Segment Start: GIVEN INFORMATION
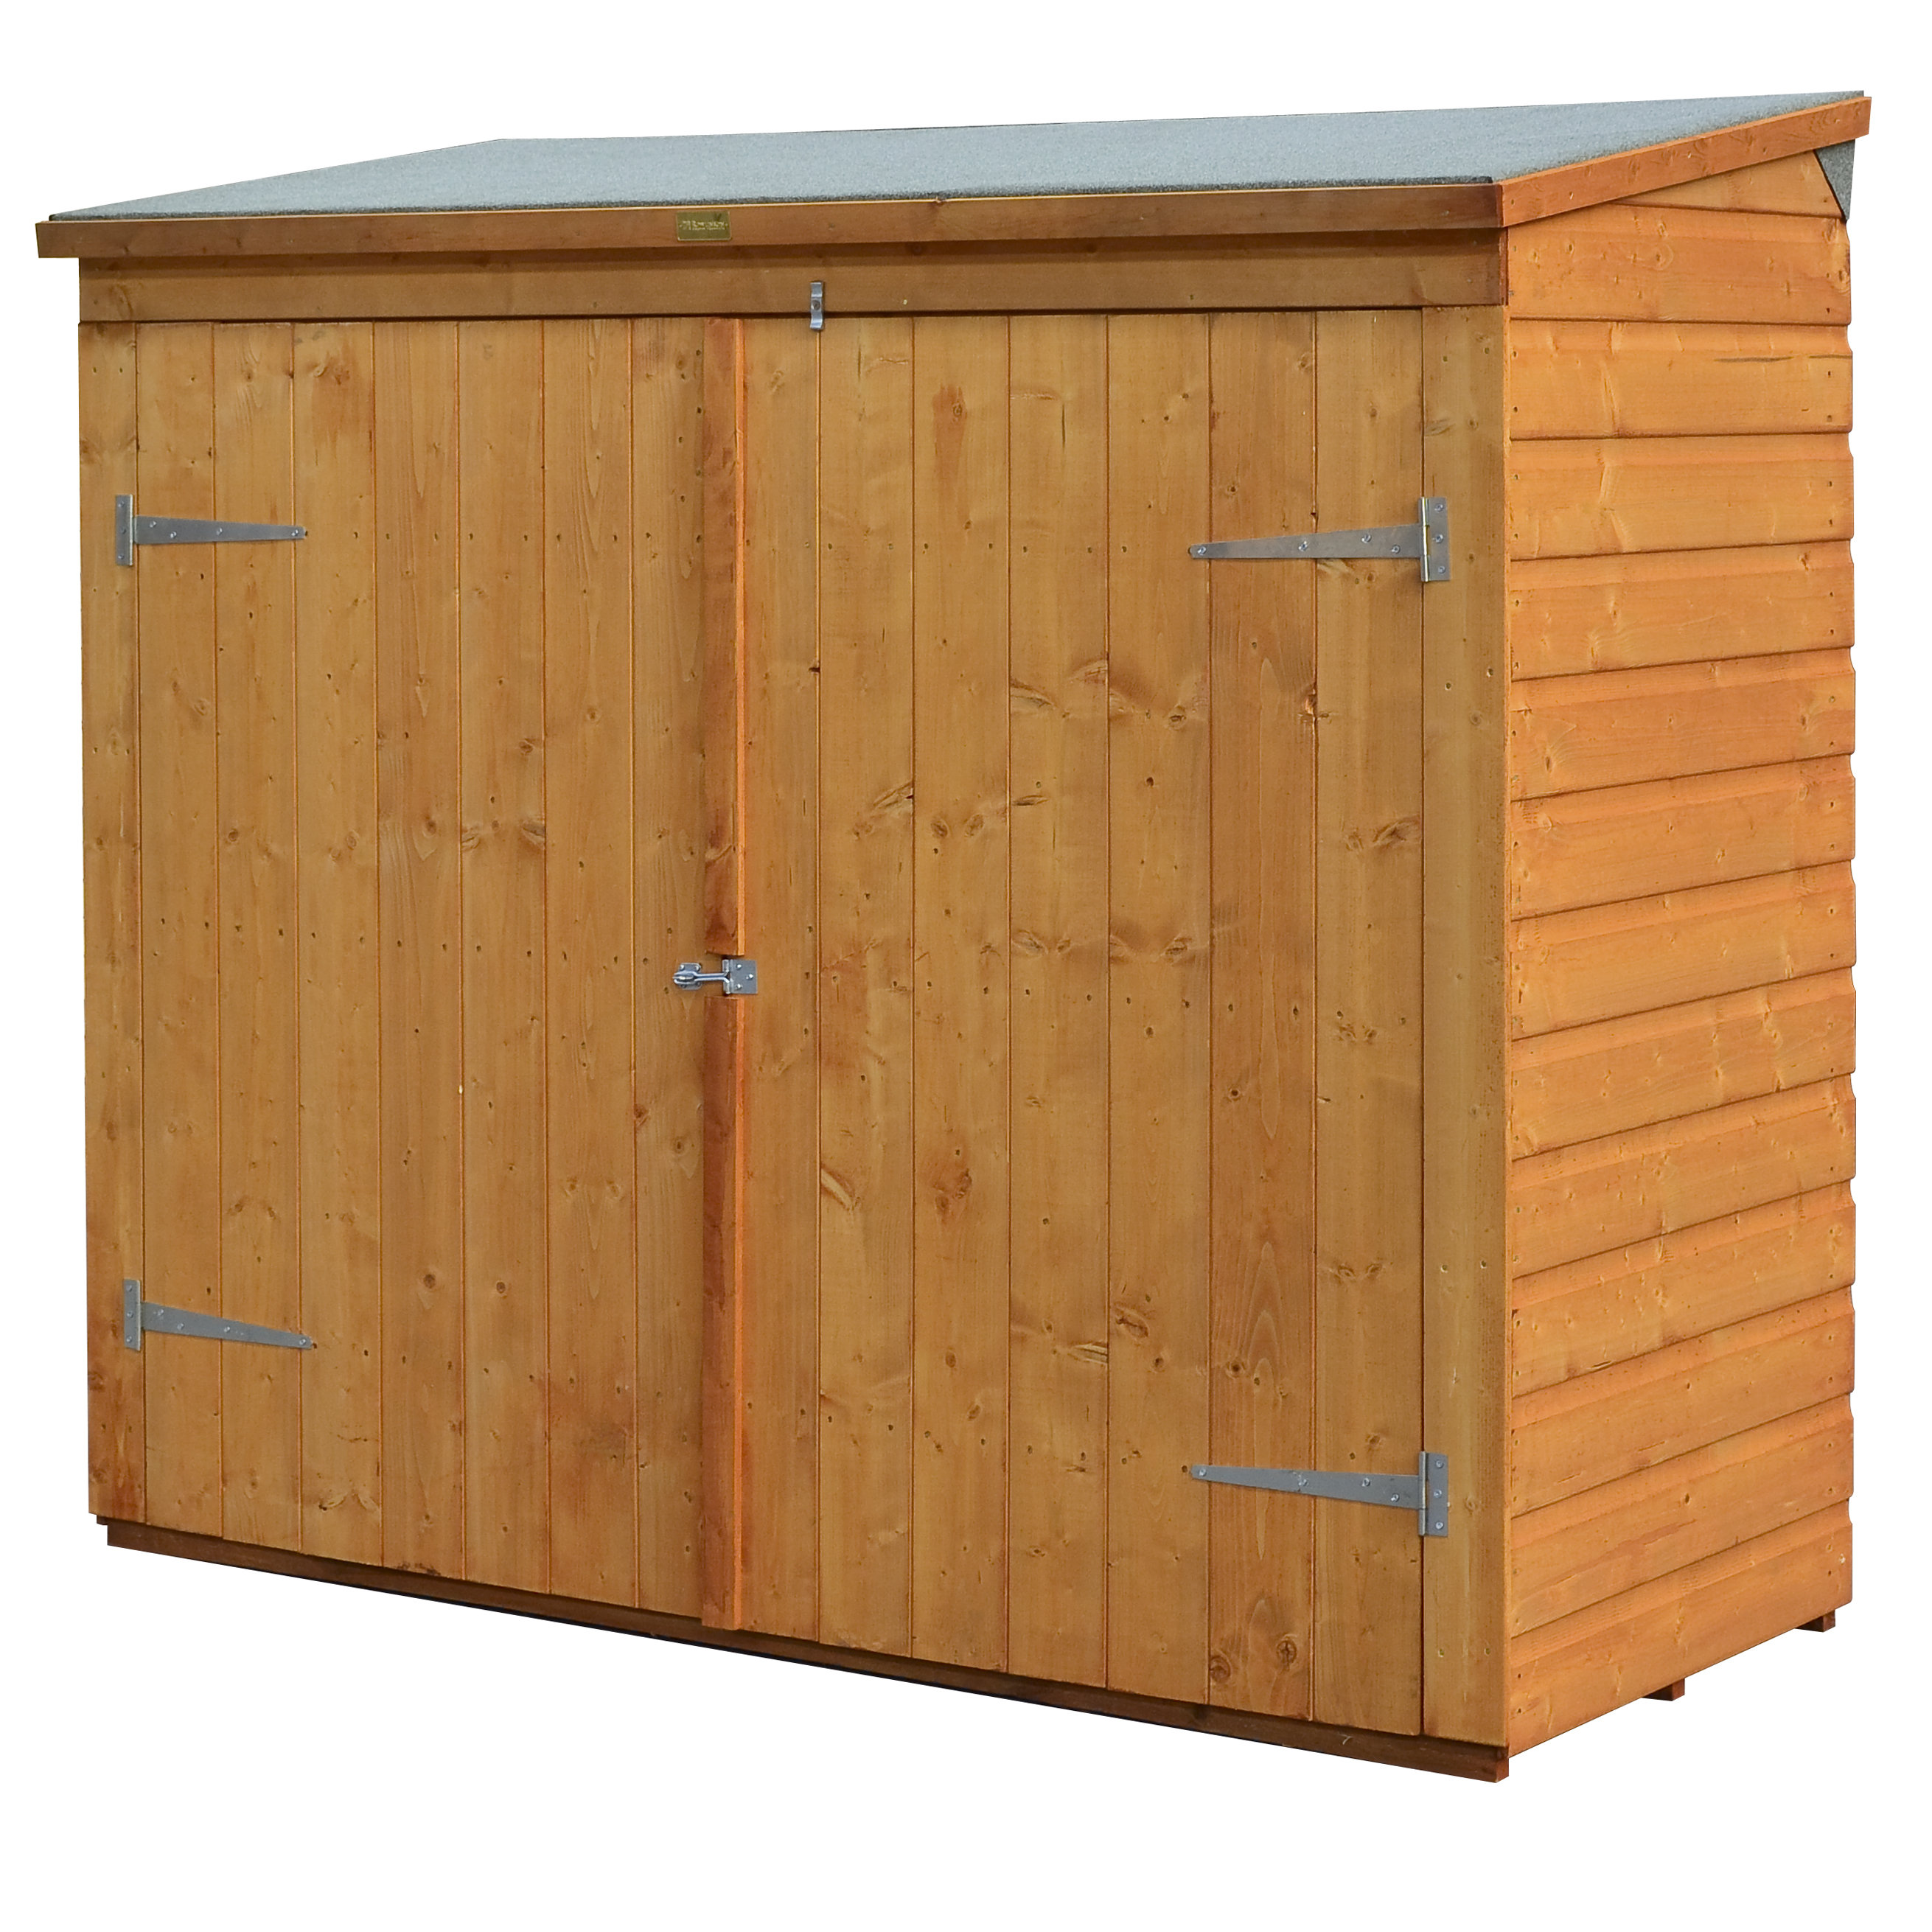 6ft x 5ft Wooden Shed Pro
Segment End: GIVEN INFORMATION
Segment Start: GIVEN INFORMATION
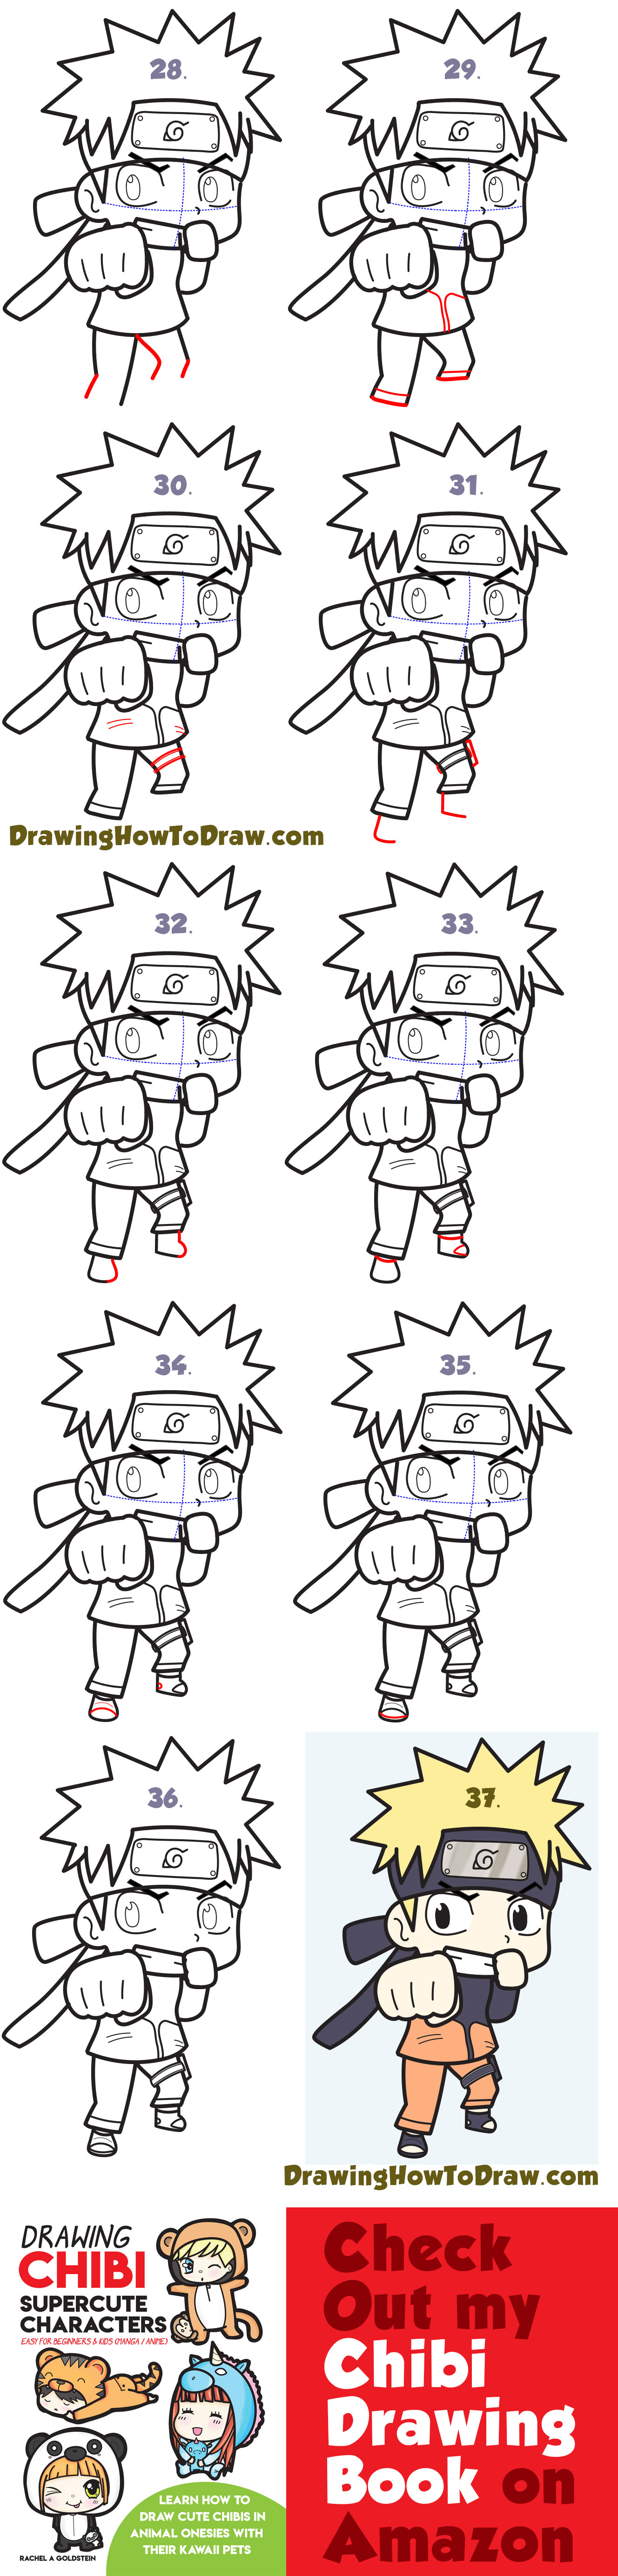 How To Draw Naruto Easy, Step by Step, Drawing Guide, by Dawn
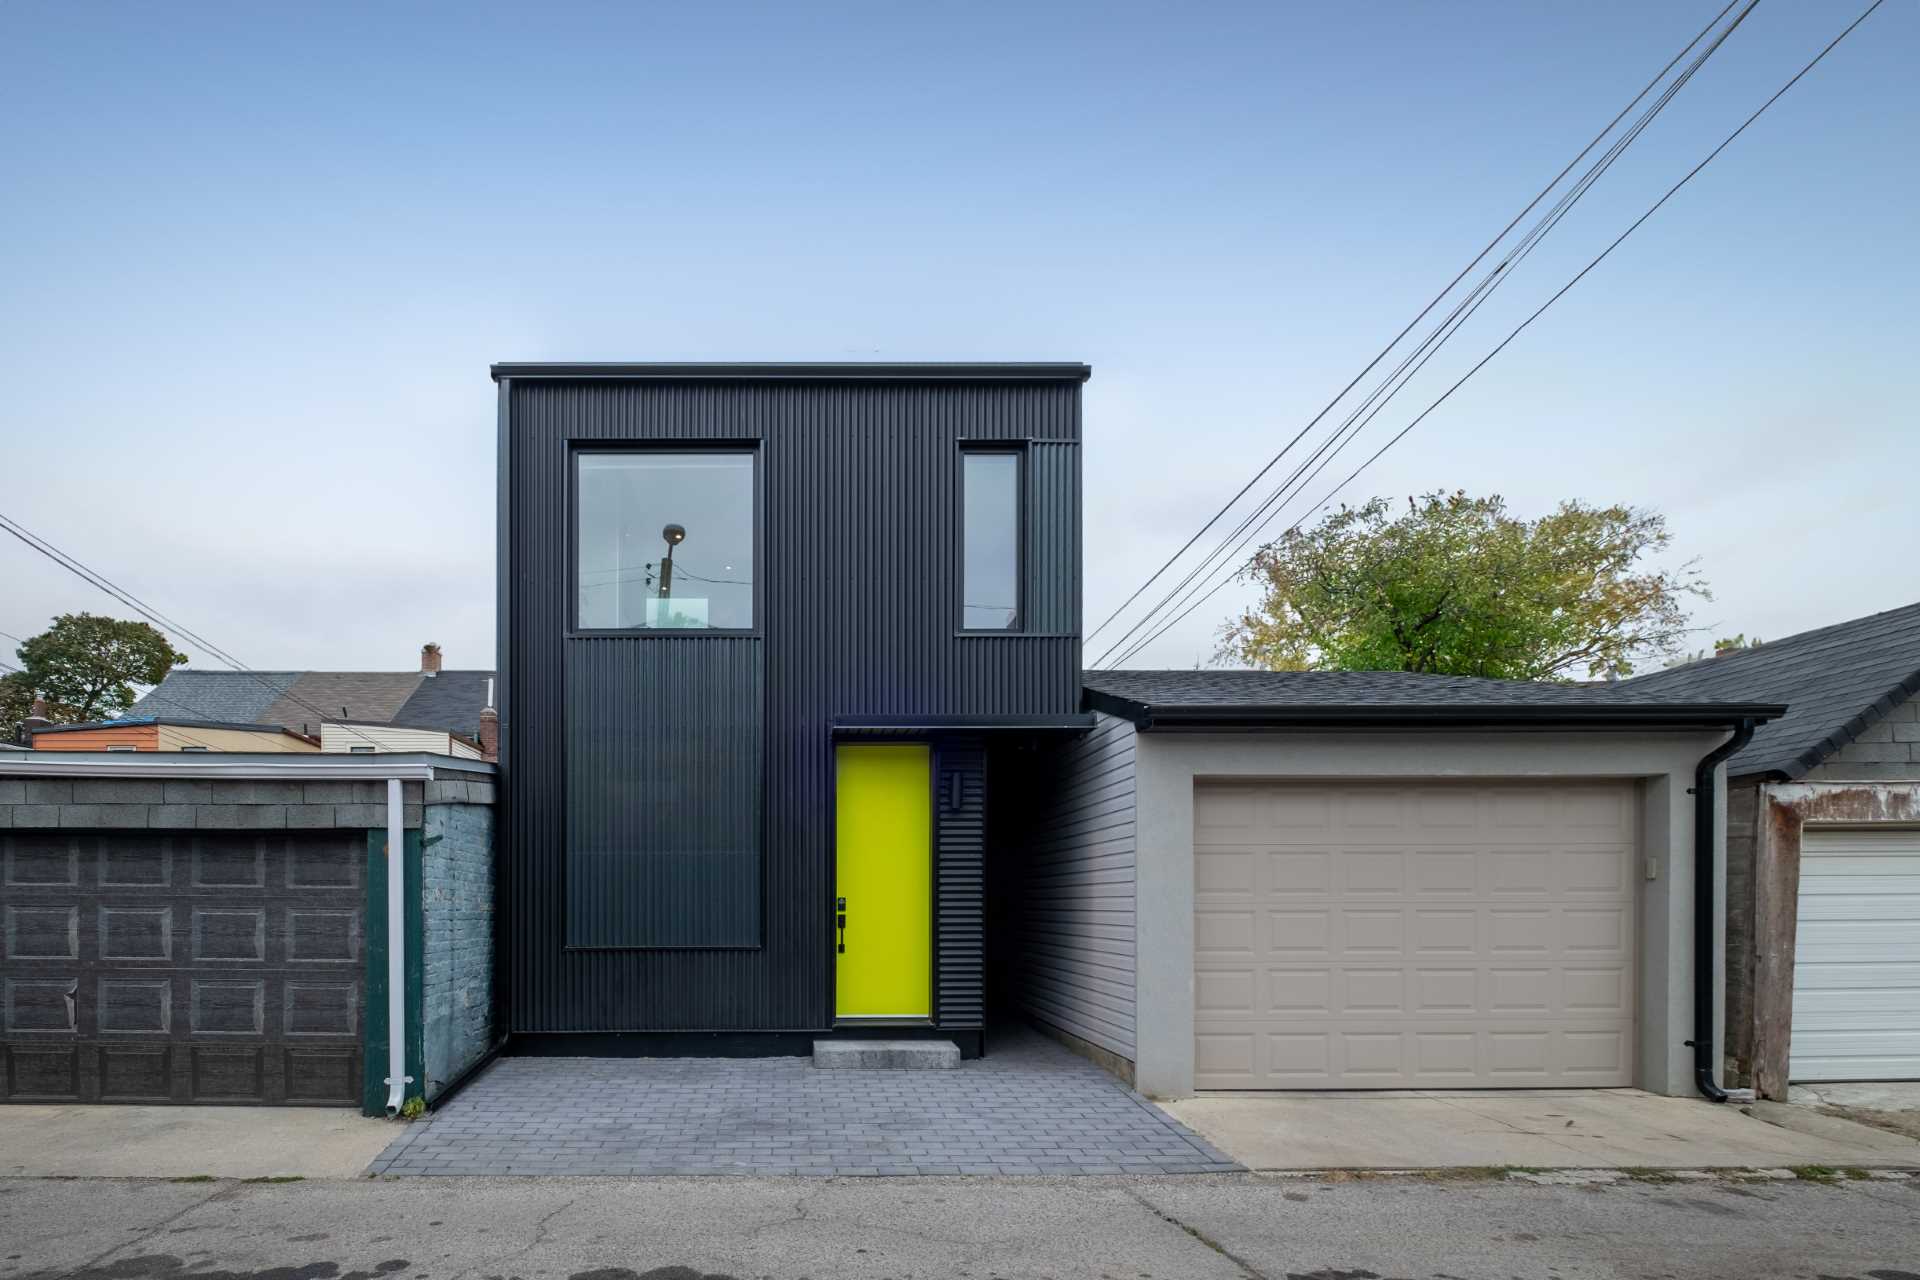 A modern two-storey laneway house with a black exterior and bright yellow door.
Segment End: GIVEN INFORMATION
» **REQUIRED ACTION**:
Everything from the line above that contains "How To Draw" down to the line that contains "A modern two-storey" must be reproduced exactly, both ends included. Omit the pictures.

» **OUTPUT OF THE EXERCISE**:
 How To Draw Naruto Easy, Step by Step, Drawing Guide, by Dawn
 A modern two-storey laneway house with a black exterior and bright yellow door.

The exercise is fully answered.